In general THE EXTENDED FAMILY SHOULD NOT BE EXTRA IGNORANT if the they are asked to lend a hand or be supportive, if they are that is just adding salt to the wound from the DH/DW being deployed, and if done creates a rift that will always be remembered.
When the DH/DW comes home everything goes back to normal, and the family goes back to being a support unit of it's own. Allow me to state this, WE(spouses) COME FIRST after marriage, the wife/husband and children are the immediate family, FIL, MIL,brothers, sisters are now extended family, and should remember that. .
Being in the military is stressful for everyone involved, but more so for the children of the service member, and wife.
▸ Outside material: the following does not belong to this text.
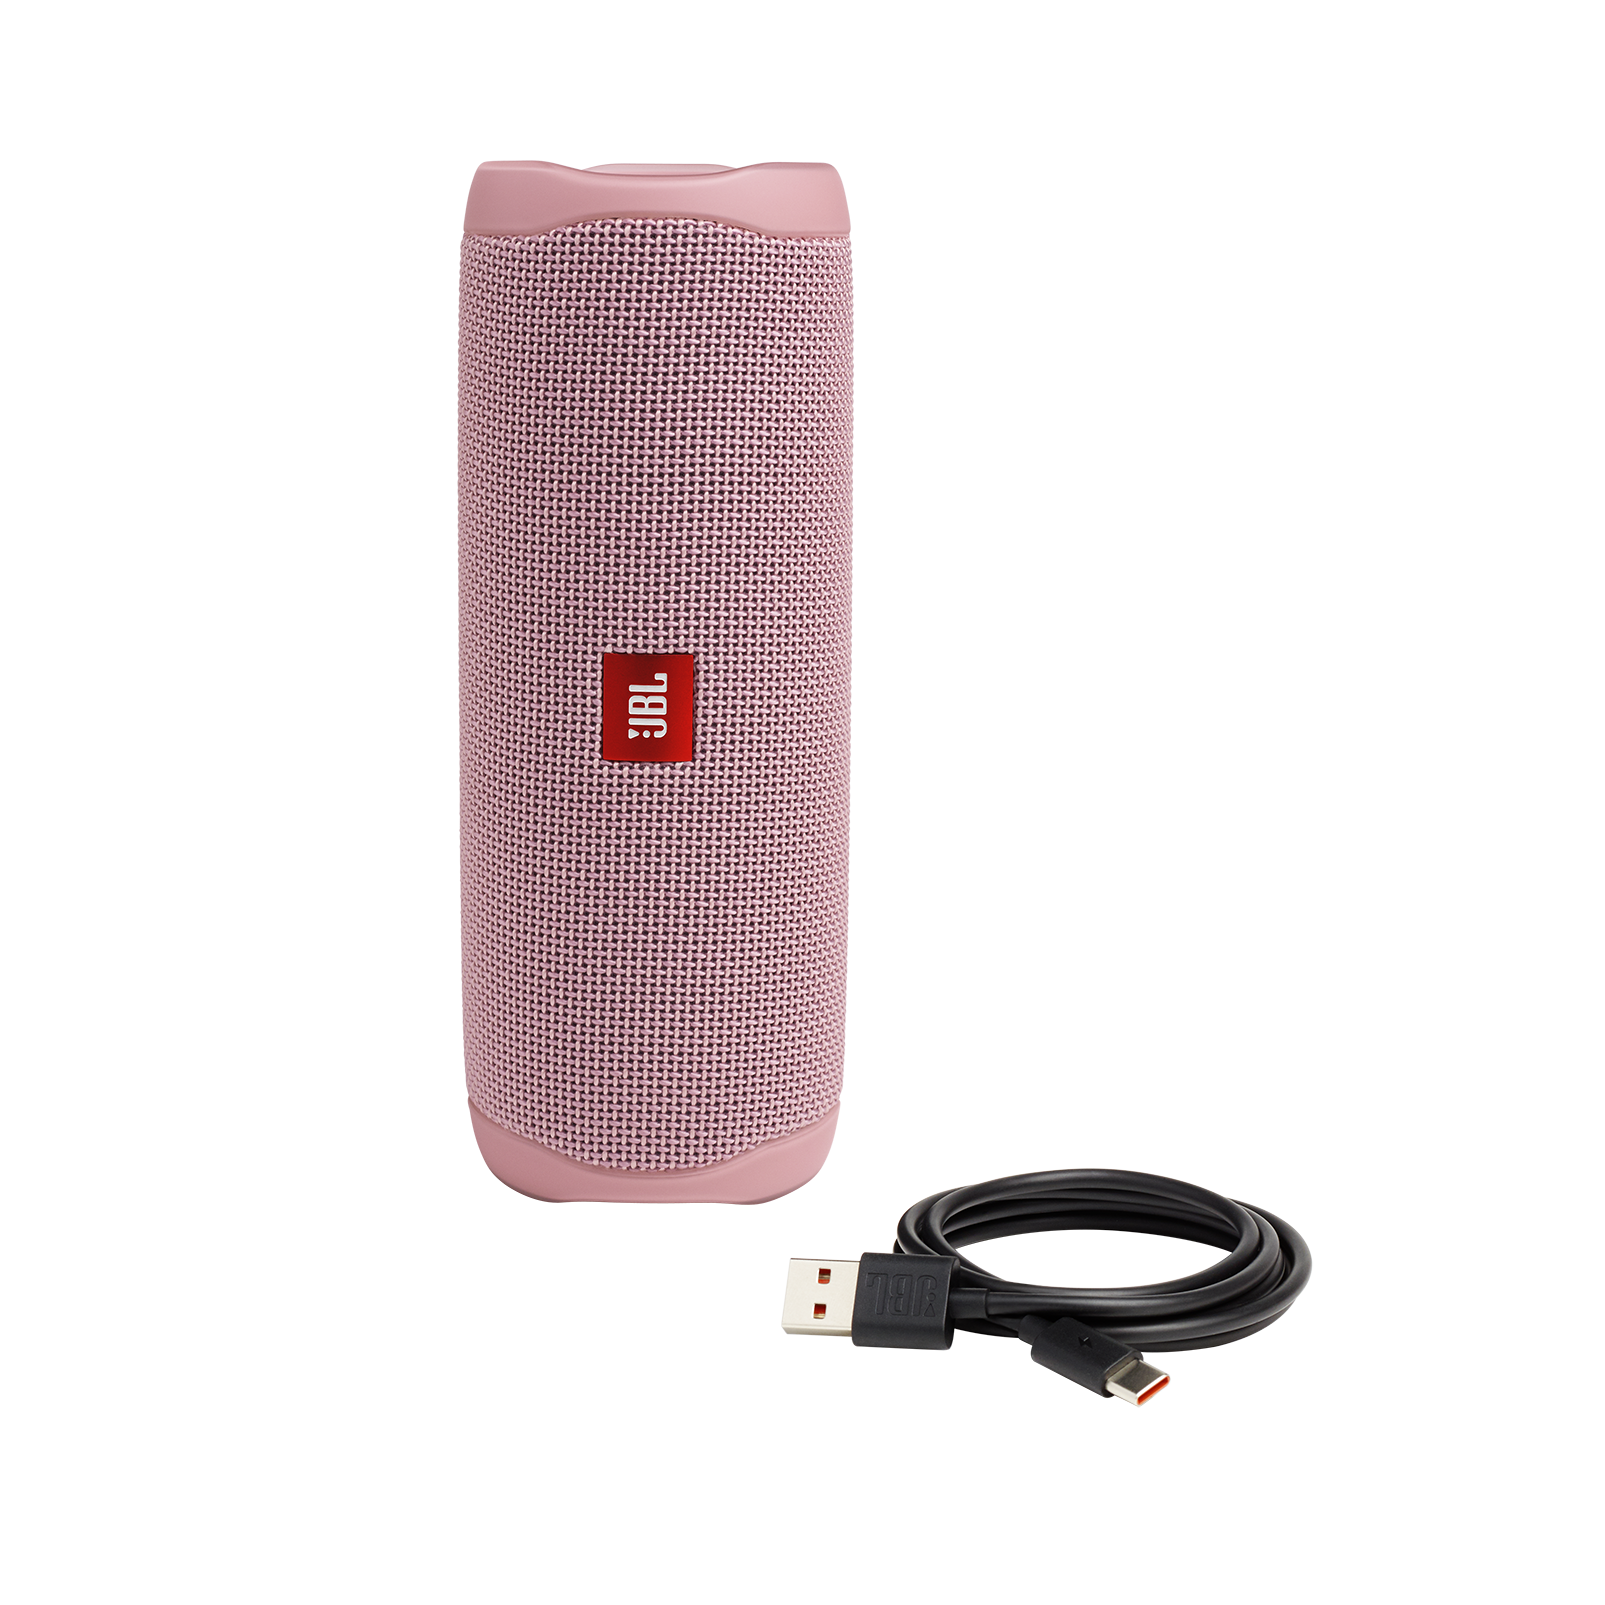 JBL Flip 5 - Pink - Portable Waterproof Speaker - Detailshot 1

The reason why I say this is OBVIOUSLY the husband and wife relationship is different from the Mother/DH/DW relationship (or at least it should be, if not you have bigger issues to deal with the being upset over a deployment).
I have found that if the situation is bad enough with the MIL the DH/DW will sadly, slowly see that there is a problem and hopefully side with the Spouse.
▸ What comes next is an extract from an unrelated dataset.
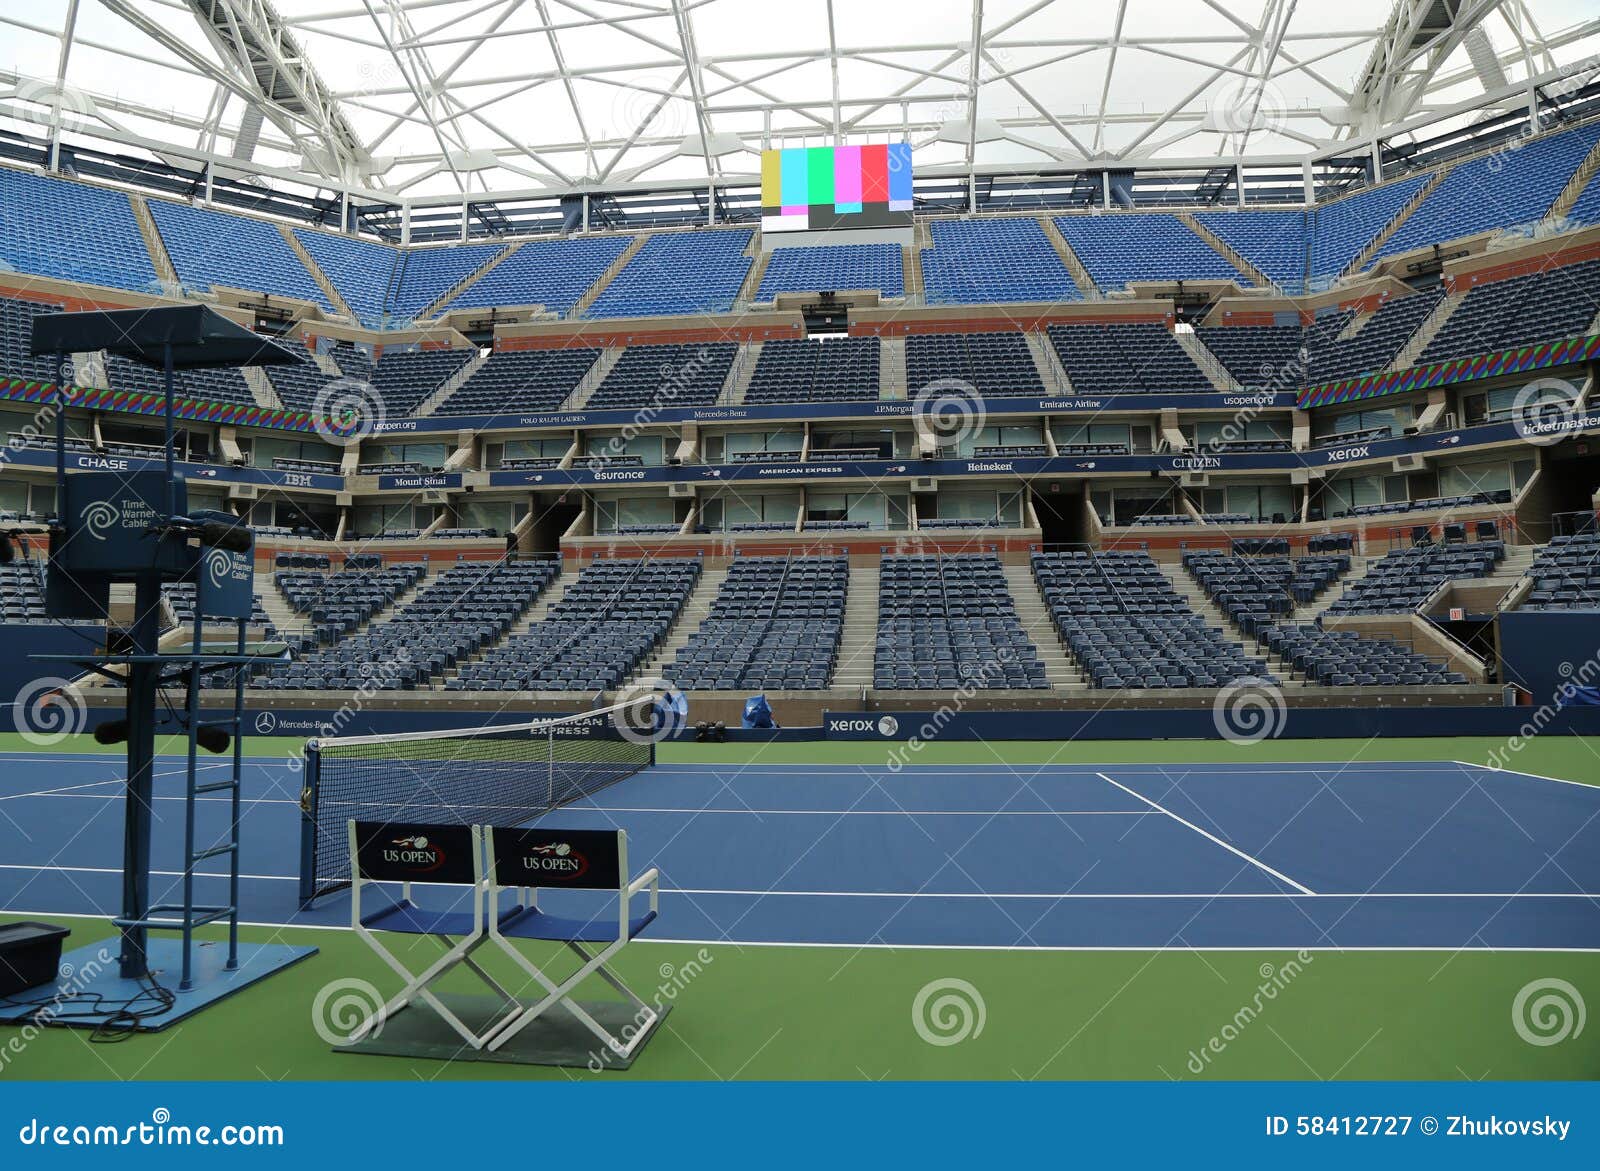 Ashe Stadium - US Open Tennis Foto de Stock Editorial - Imagem de povos,  arena: 157303493
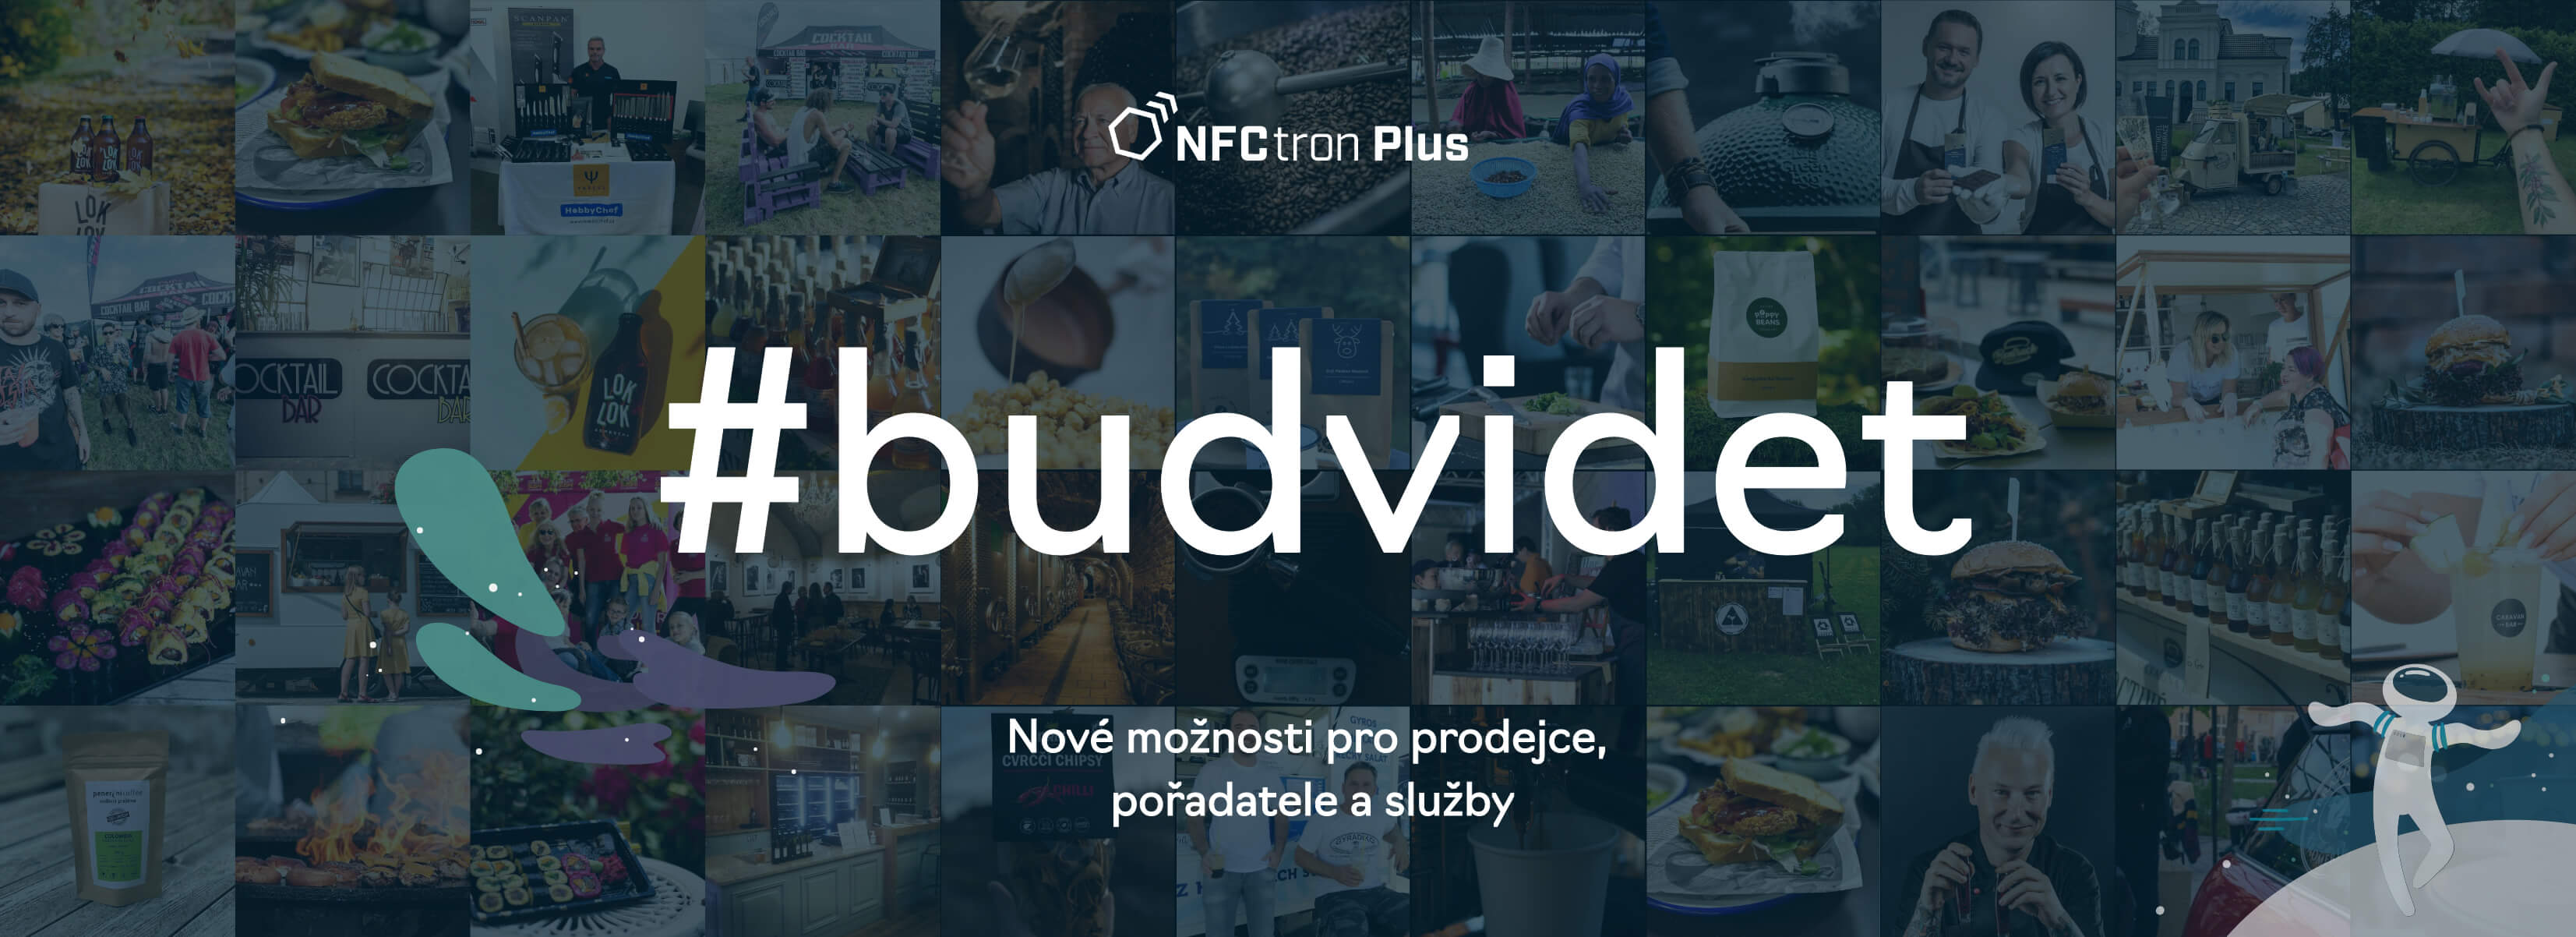 #budvidet s NFCtron Plus

The best thing to do is SUCK IT UP on both the MIL and wife sides, they aren't the ones that are the most important the CHILDREN ARE.
At least, I don't care what my MIL has to say or what she does, I protect my children, and make sure they know that I will always be there, and they are the most important thing to me. That is my priority, my children being happy, and knowing they are always loved.
| | Lyndz | 6/6/2008 3:46:36 AM | Hello all!! im am a new army wife. my husband left for basic training in march he had a 53 hr break after not seeing him for 3 mo i was longing for alone time with him but i let his family know he would be on break it was up to them. i wouldnt keep him from them(even though deep inside i wanted too..lol) but i know they missed him just as much as me..anyway my MIL, FIL, SIL and BIL decided to just let me go...Thank God!!!haha they said they would see him at graduation a month later.which i will be going to as well my Husband said of course i will be the first one to get a hug i am his Wife :)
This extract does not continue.